**EXERCISE DETAILS**
Quote the whole listing word for word. Do not include the pictures.

**MATERIAL PROVIDED**
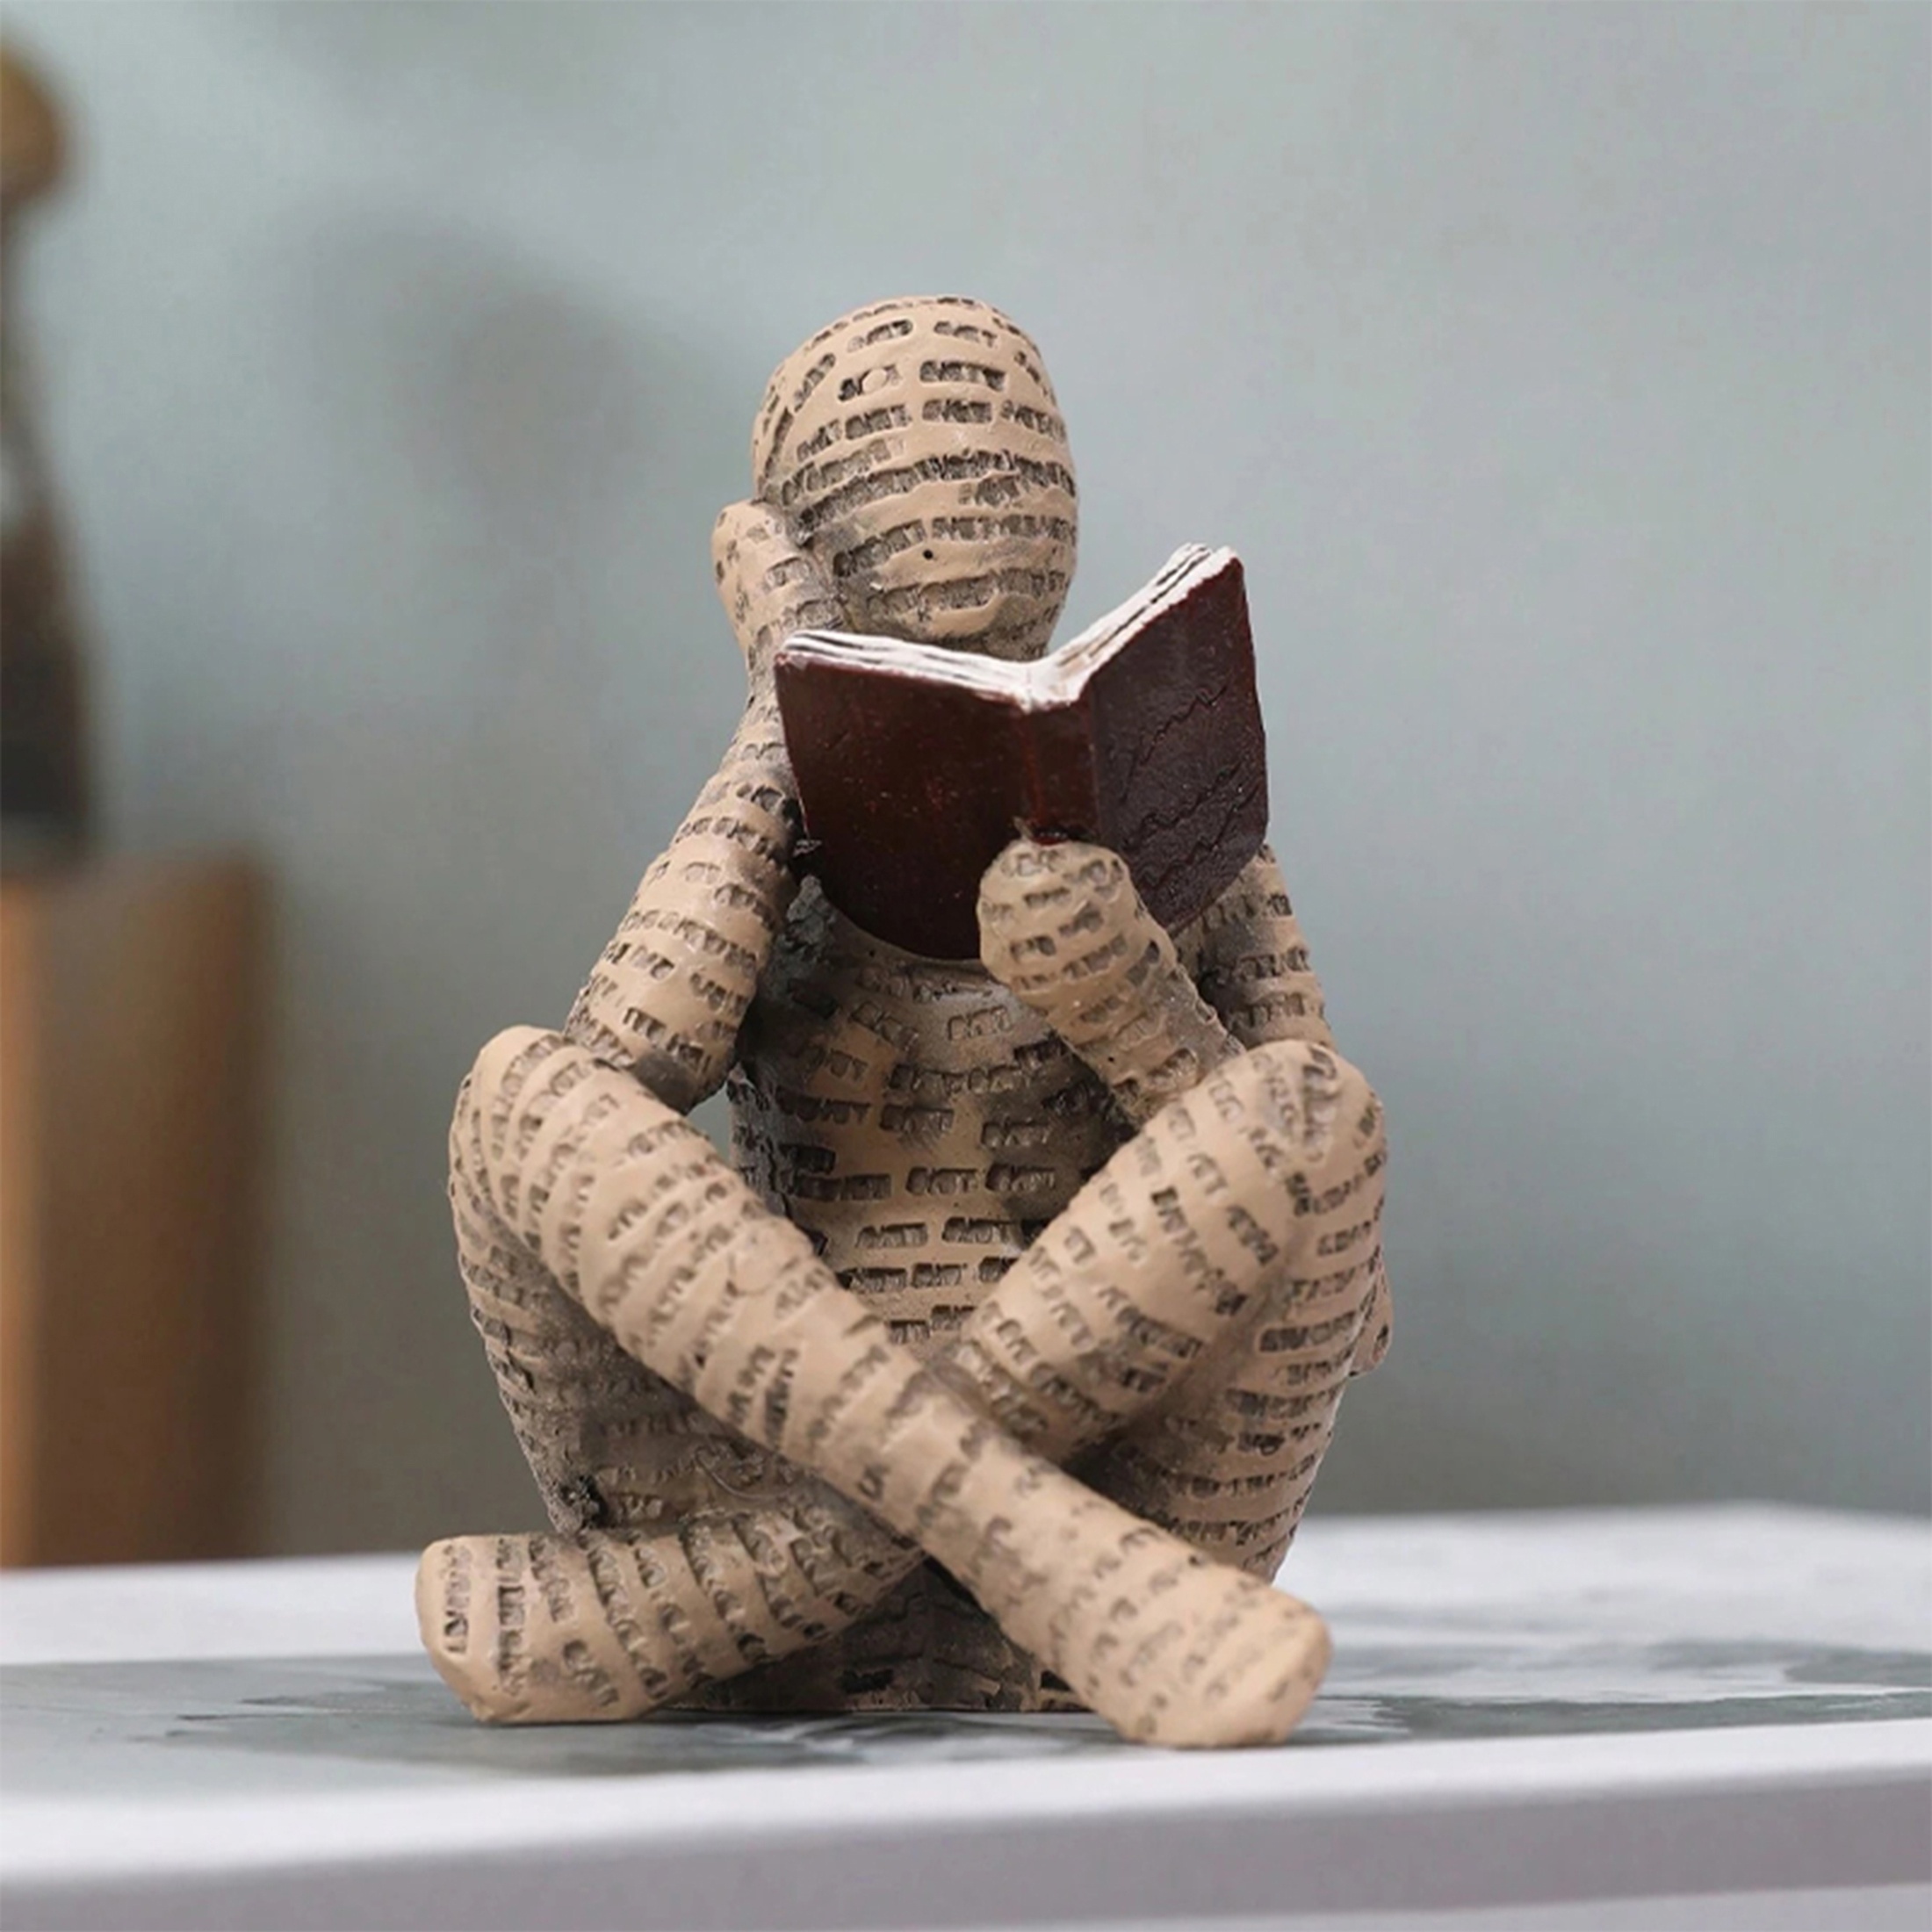 

1pc, Resin Reading Woman Sculpture, Abstract Figure 8cm/3.14inch, Contemporary Book Lover Decor, Versatile Home & Office Accent, Fits Any Season & Room - Ideal Gift For Bibliophiles
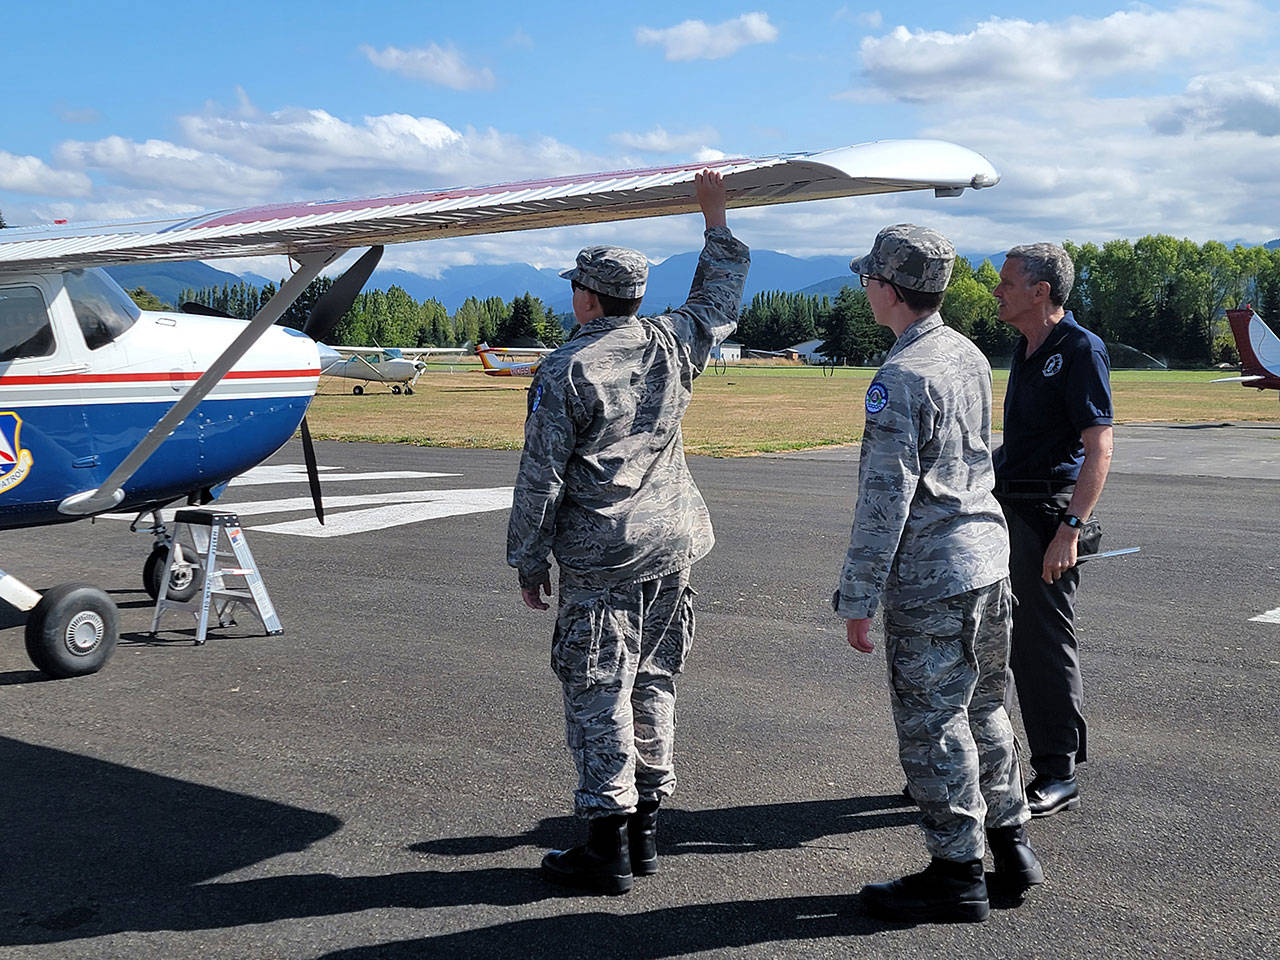 Cadets Joseph Maggard of Port Angeles and Reilly Sue of Sequim test aircraft aileron as Capt. John Weidman of Bremerton looks on.
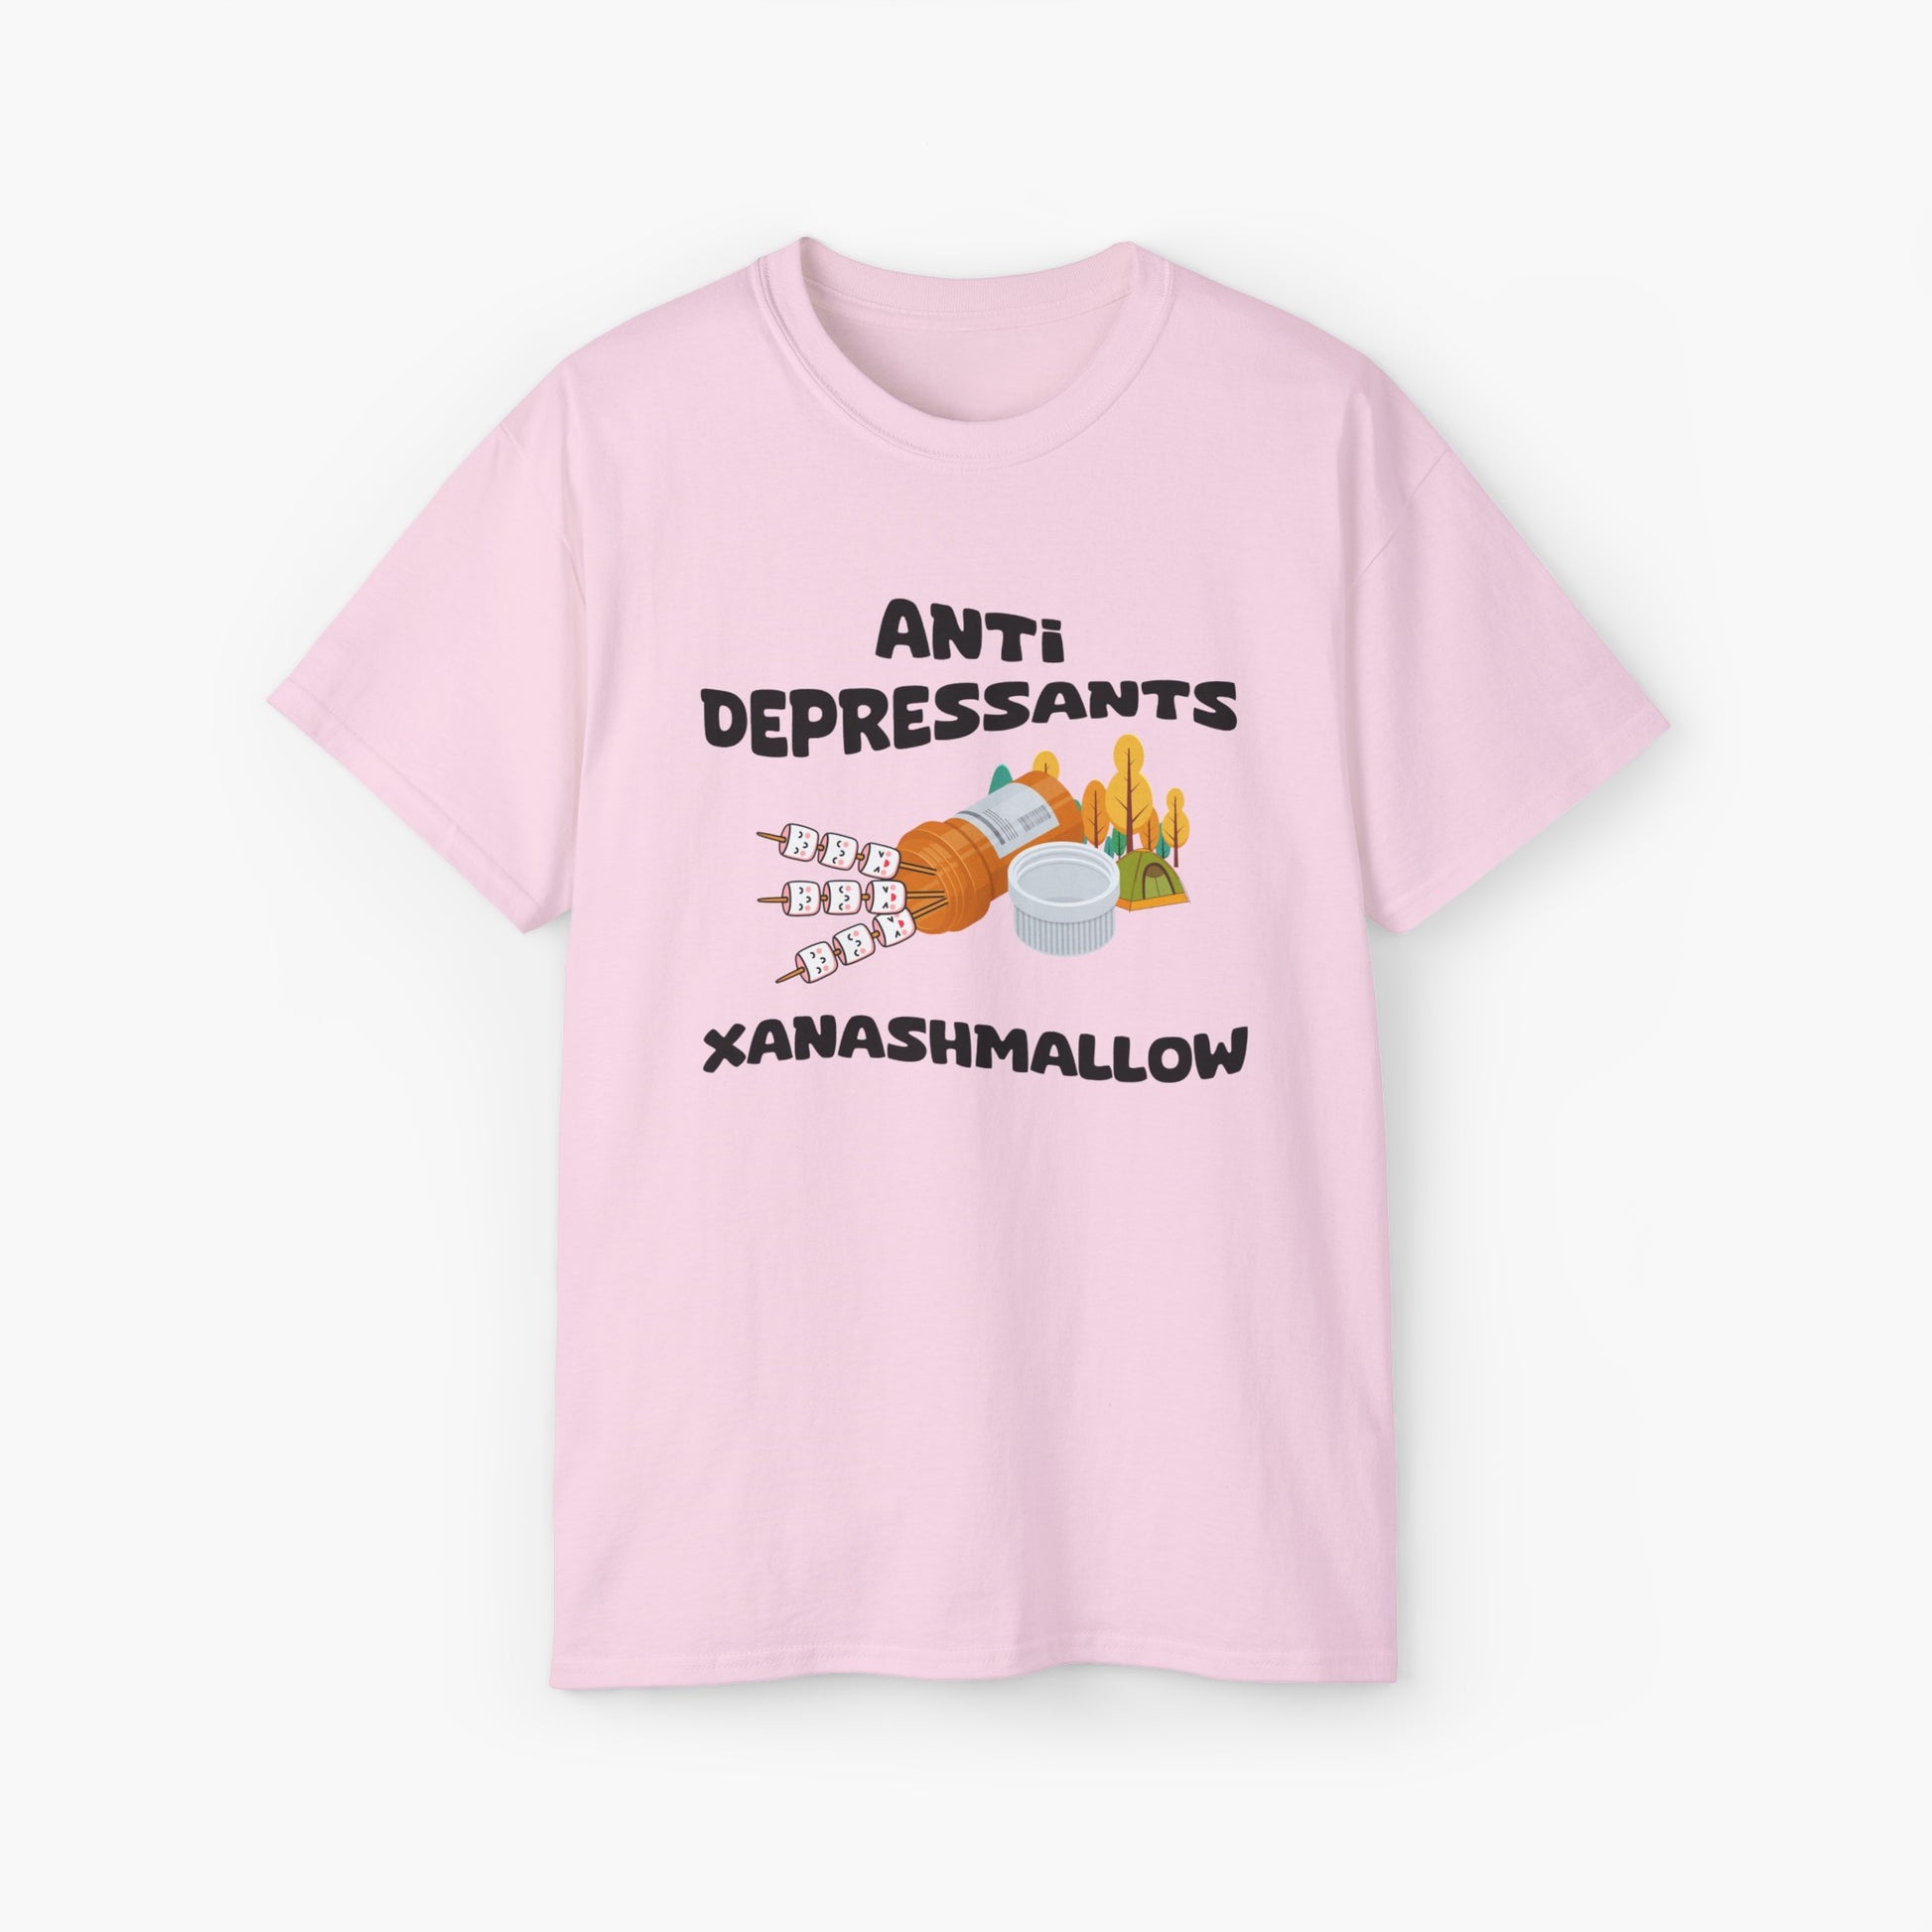 Light pink t-shirt with 'Anti Depressants, Xanashmallow' text, depicting an open remedies box filled with marshmallows, alongside a tent and trees.

**SOLUTION TO THE PROBLEM**
1pc, Resin Reading Woman Sculpture, Abstract Figure 8cm/3.14inch, Contemporary Book Lover Decor, Versatile Home & Office Accent, Fits Any Season & Room - Ideal Gift For Bibliophiles
 Cadets Joseph Maggard of Port Angeles and Reilly Sue of Sequim test aircraft aileron as Capt. John Weidman of Bremerton looks on.
 Light pink t-shirt with 'Anti Depressants, Xanashmallow' text, depicting an open remedies box filled with marshmallows, alongside a tent and trees.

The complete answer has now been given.